Hoplology is a rather strange term and one that certainly is not in wide use today. Yet, it is an important science when studying the combative arts. What exactly is hoplology?

We have both a formal definition, which we hardly ever use, and a more realistic one - the study of the evolution and development of human combative behavior and performance. In short, hoplology is the study of how people fight, why they fight, and how different cultures manifest those behaviors. Essentially, what we are doing, and have been doing, is looking at human fighting and trying to really delineate the natural aspects of it, as well as the dysfunctional and unnatural aspects.

Hoplology sounds like a truly encompassing study of the universal art of combat. A name that comes up frequently when researching the roots of hoplology is Sir Richard F. Burton. Is he the founder of this research method?

Sir Richard Francis Burton was definitely one of the forerunners of hoplology. We have found references to the word prior to Burton’s use of it. In Greek, the root word, hopl refers to armed or armored. When Burton was doing that kind of work, from the 1850’s through to the 1880’s, there was another fellow, B. Henry Lane Fox Pitt-Rivers, who was also doing hoplological work, if you will. However, I would have to say that it was Burton who was the real father of hoplology.
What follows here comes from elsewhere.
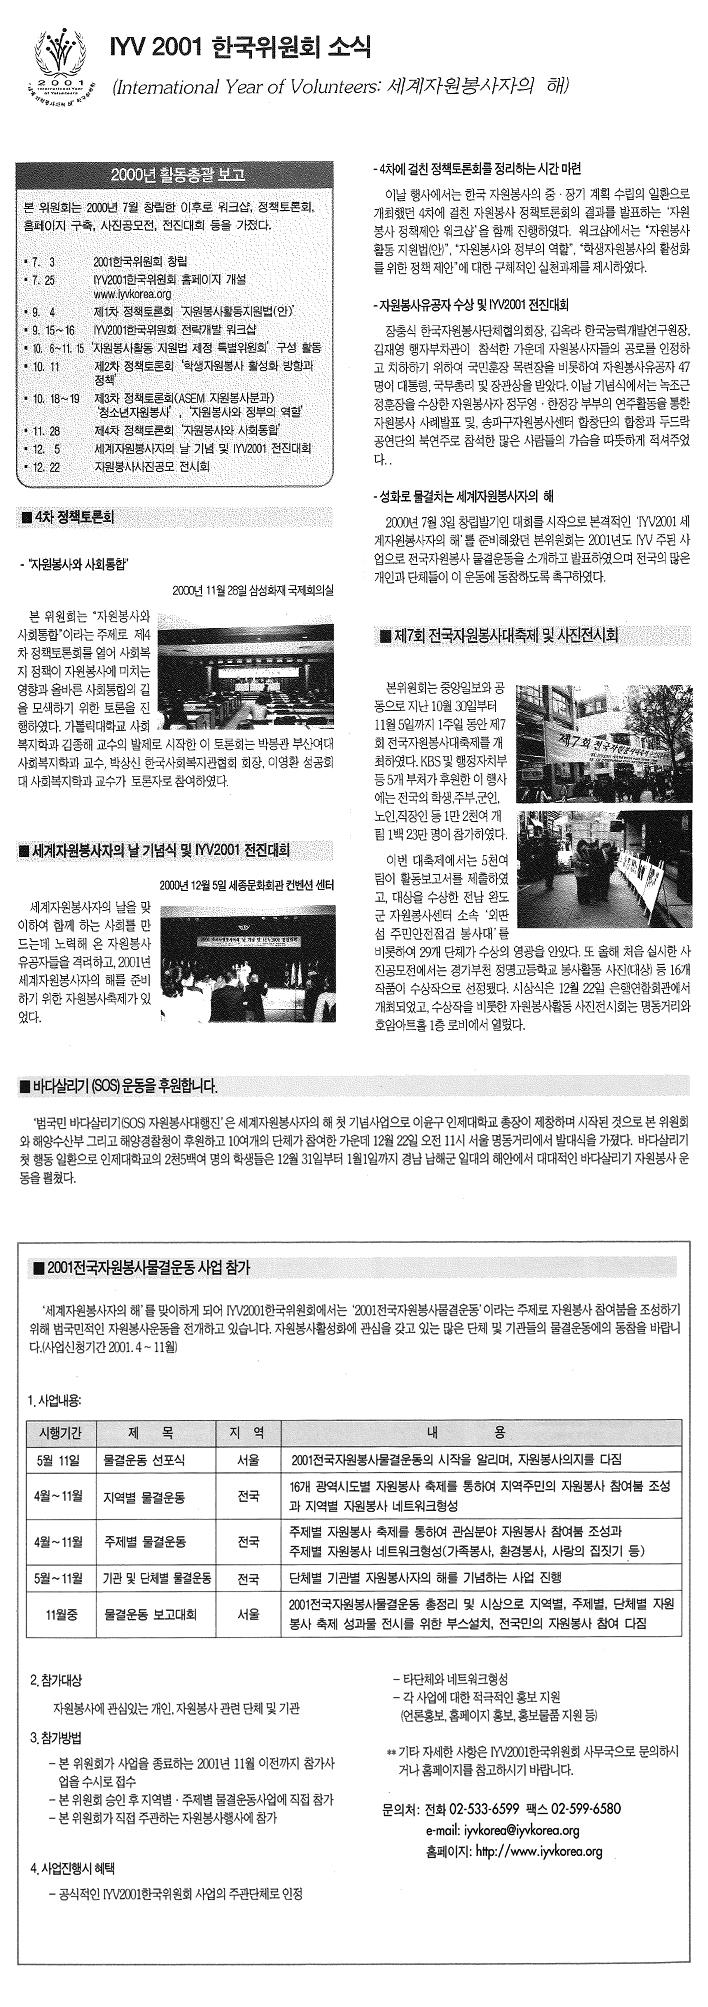 25호 IYV2001 한국위원회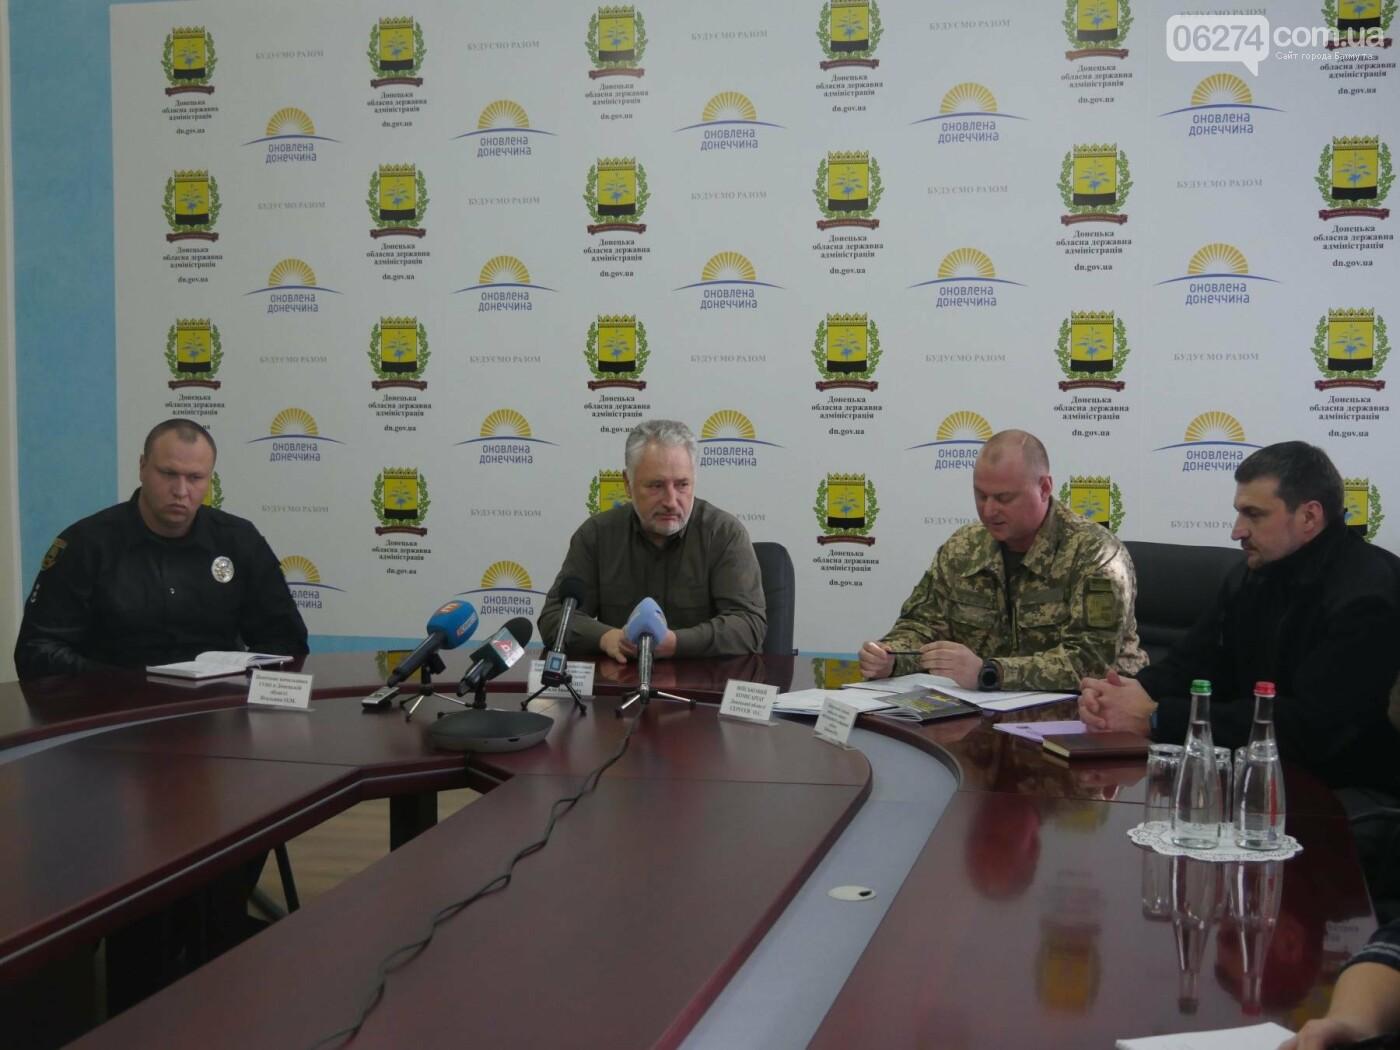 В Донецкой ОГА рассказали об осенней призывной кампании и строительстве Сечи в Бахмутском районе, фото-1

Hoplology appears to be a lot like anthropology, although anthropologists tend to focus their studies on the culture of an event and not on the practice of it as much.

Hoplology was developed in a period when anthropology itself was really starting to grow. At that time, I think the people who were doing what we now call anthropology were, for the most part, amateurs. At the same time, in almost a parallel development, there was hoplology. I think at that time these two fields really weren’t separated, and probably they shouldn’t be separated now. But somewhere, probably after the wars in Europe in the late 1800's and World War I, warfare, fighting, and the study of [war] took on a very bad taste. As a result, researchers began looking at human cultures almost without regard to the fighting behaviors of those cultures.

Now Burton, on the other hand, was very interested in people’s fighting behavior. He was a widely published author of a number of travel books and books on the cultures he had visited, as well as on weapons and fighting manuals. His most famous book on this topic is The Book of the Sword. He did a number of military training manuals and was himself considered a master swordsman in Europe.

Was Burton from England?

He was from England, and he spoke several languages fluently. He trained in schools of Italian fencing, French fencing, etc., and he was a British military officer who saw limited action in India. He was also in combat in Africa. He received a face wound from a spear through the cheek while in Africa. So, he was a man who both had experienced battle and had a deep, abiding interest in it. Again, his great curiosity about human behavior in general carried over into human fighting behavior.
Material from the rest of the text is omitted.